*Data supplied*.
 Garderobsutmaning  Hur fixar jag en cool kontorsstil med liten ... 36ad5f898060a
---
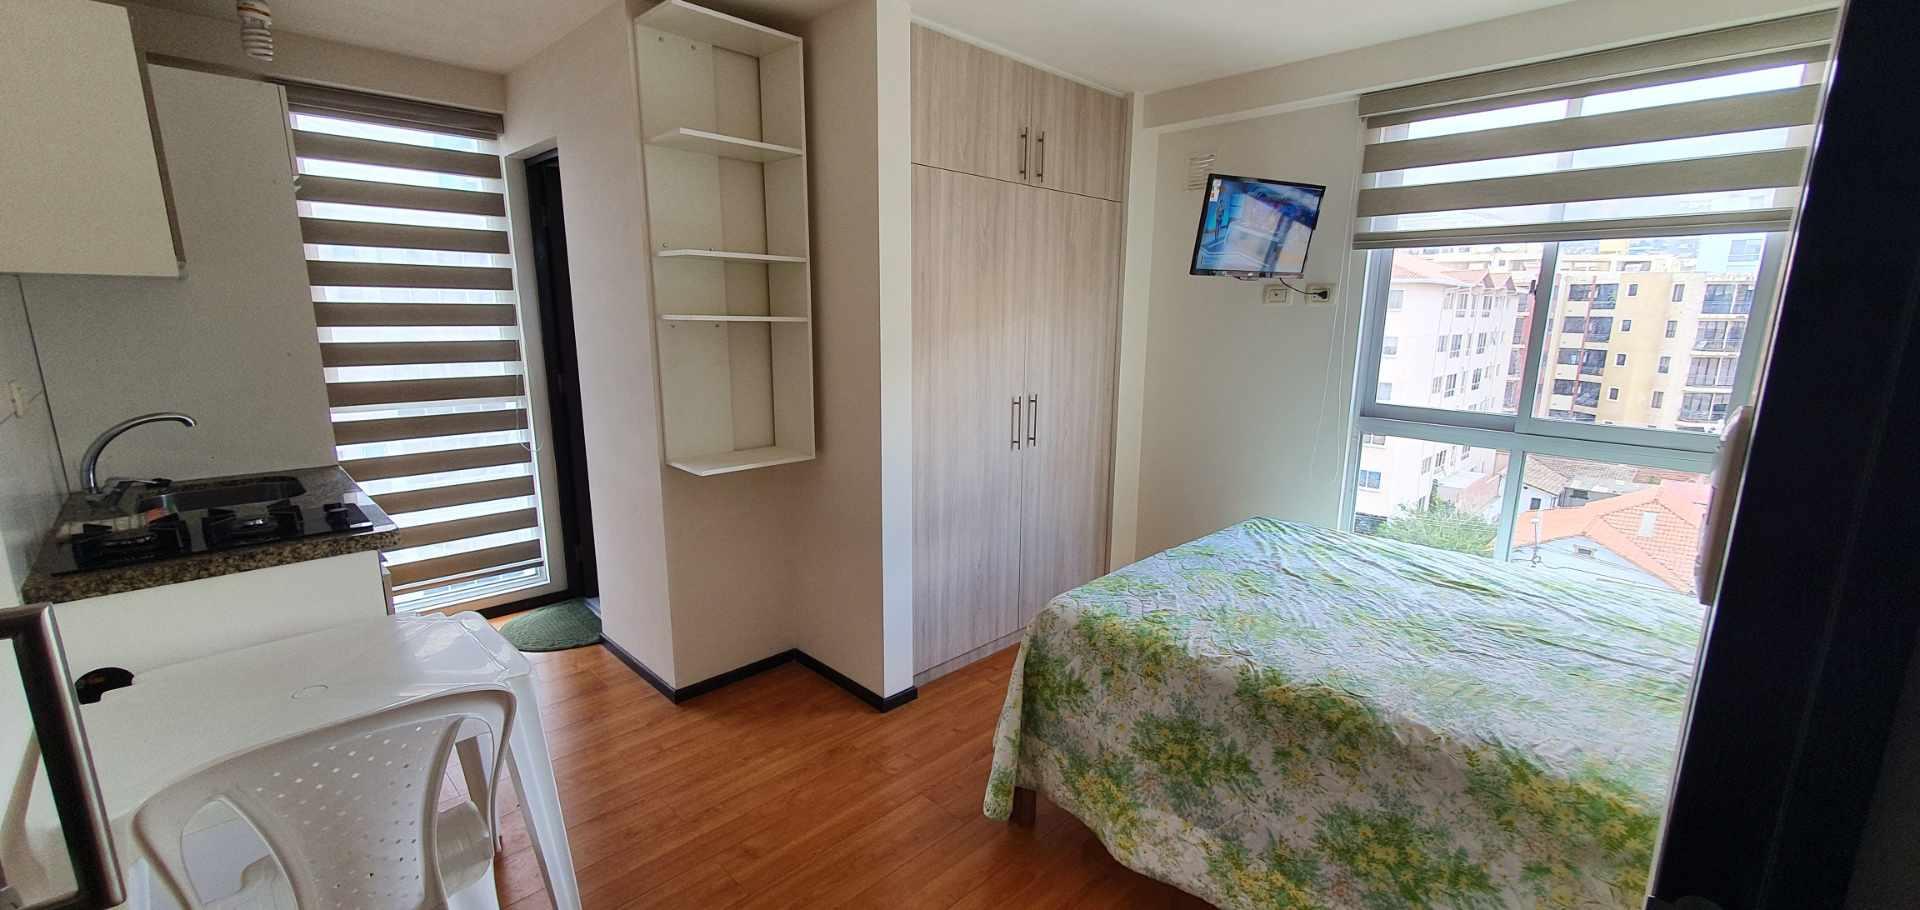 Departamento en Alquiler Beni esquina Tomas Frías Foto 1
...
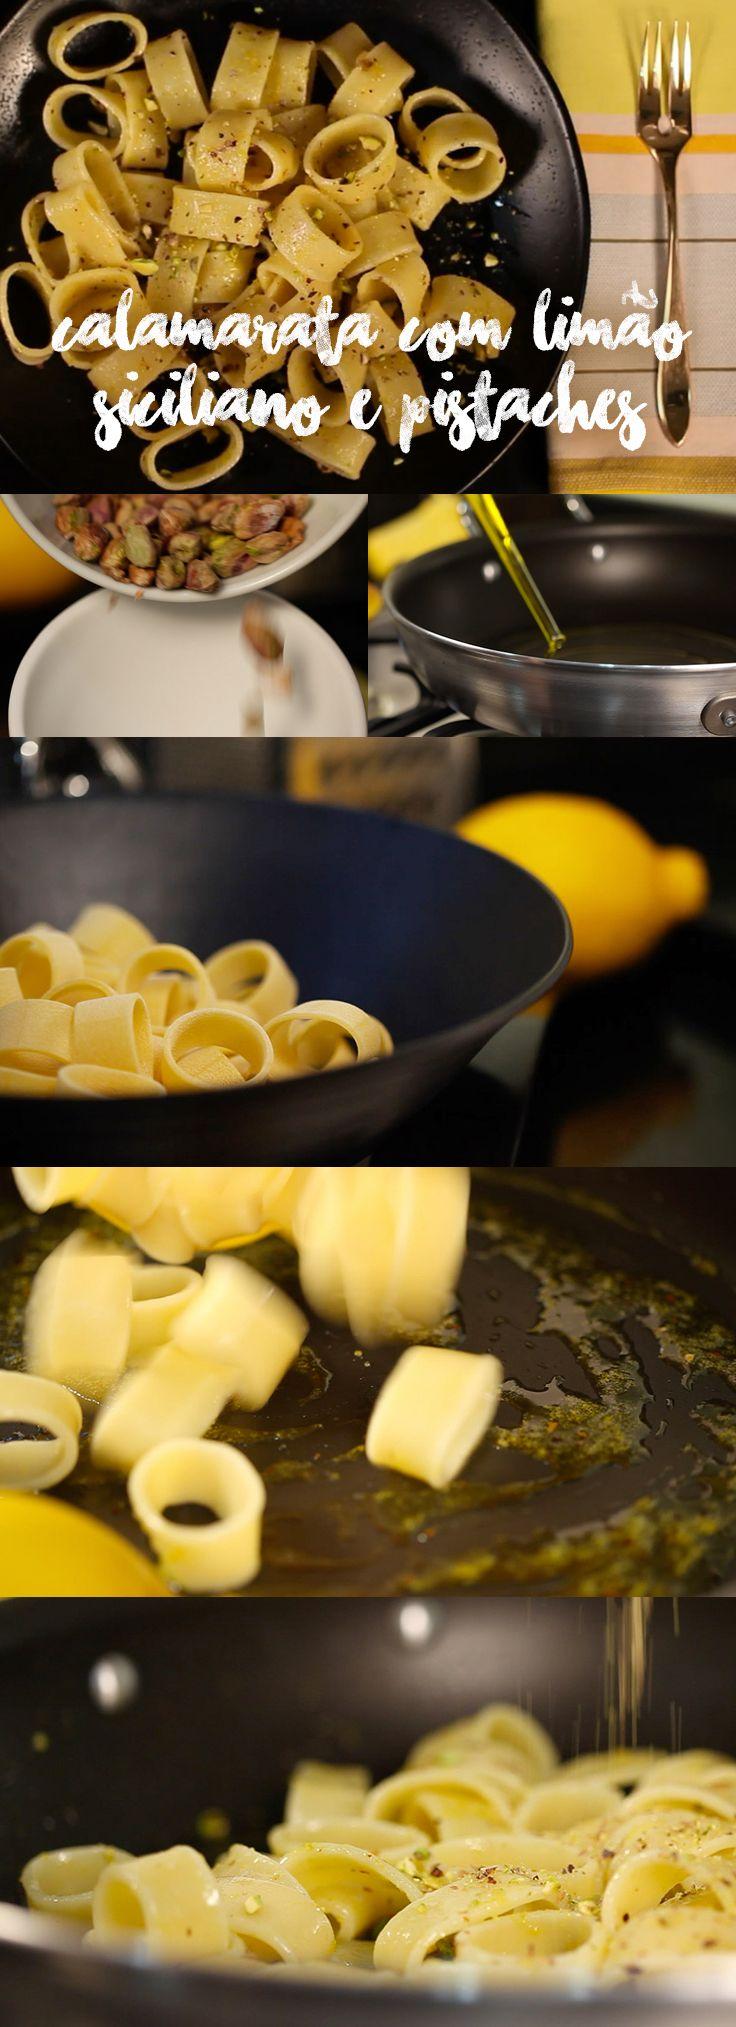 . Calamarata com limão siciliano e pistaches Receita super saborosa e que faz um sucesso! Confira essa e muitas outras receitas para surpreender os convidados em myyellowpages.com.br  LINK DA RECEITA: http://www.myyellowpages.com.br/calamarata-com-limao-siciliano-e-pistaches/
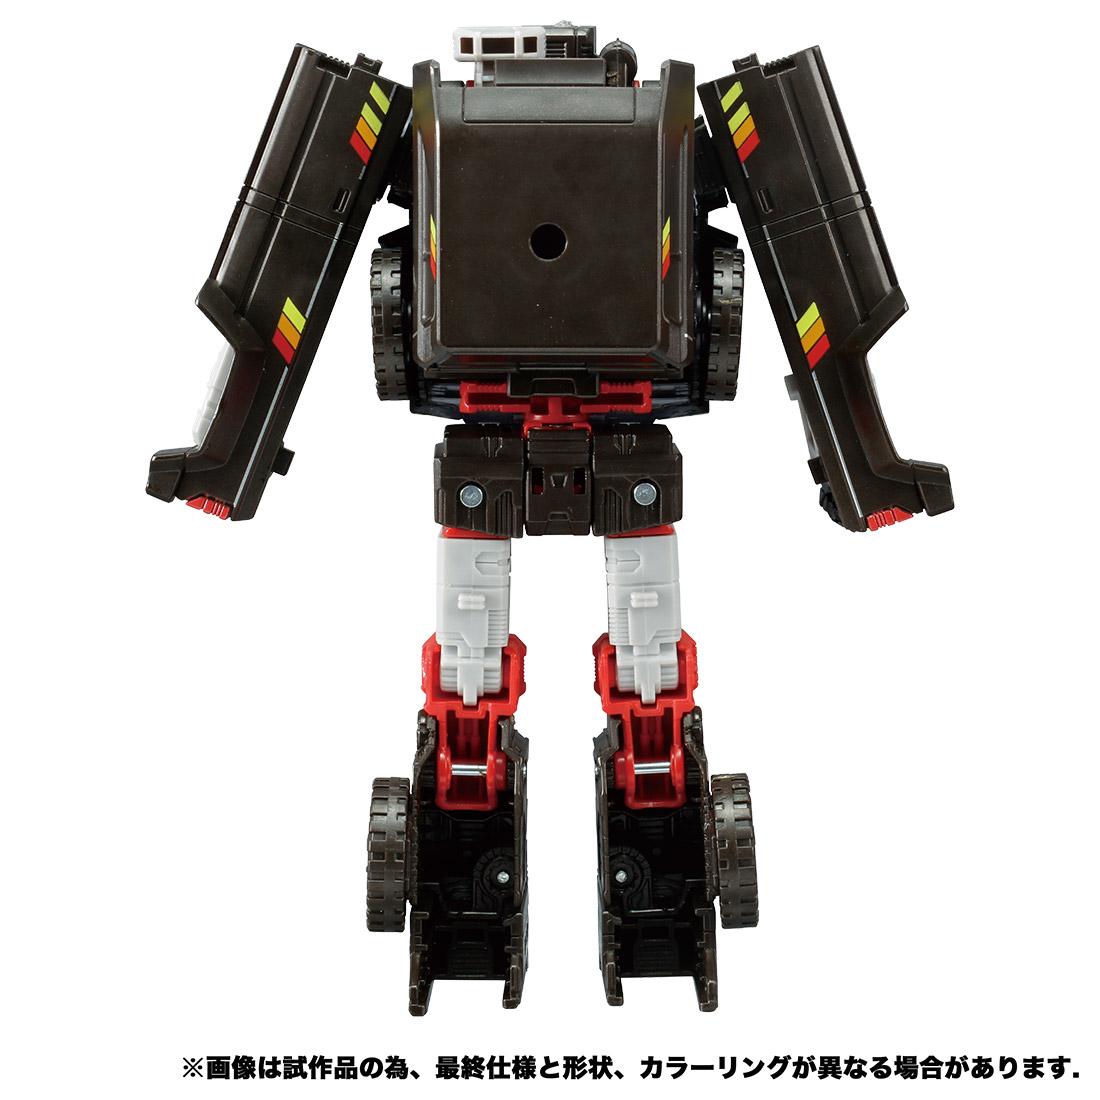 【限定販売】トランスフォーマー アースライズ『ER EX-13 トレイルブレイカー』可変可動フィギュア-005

*Exercise objective*.
In the listing above, find the line with "Calamarata com limão" and the line with "アースライズ『ER EX-13 トレイルブレイカー』可変可動フィギュア-005". Copy exactly those lines and all between them, minus the images.

*Solution*.
 . Calamarata com limão siciliano e pistaches Receita super saborosa e que faz um sucesso! Confira essa e muitas outras receitas para surpreender os convidados em myyellowpages.com.br  LINK DA RECEITA: http://www.myyellowpages.com.br/calamarata-com-limao-siciliano-e-pistaches/
 【限定販売】トランスフォーマー アースライズ『ER EX-13 トレイルブレイカー』可変可動フィギュア-005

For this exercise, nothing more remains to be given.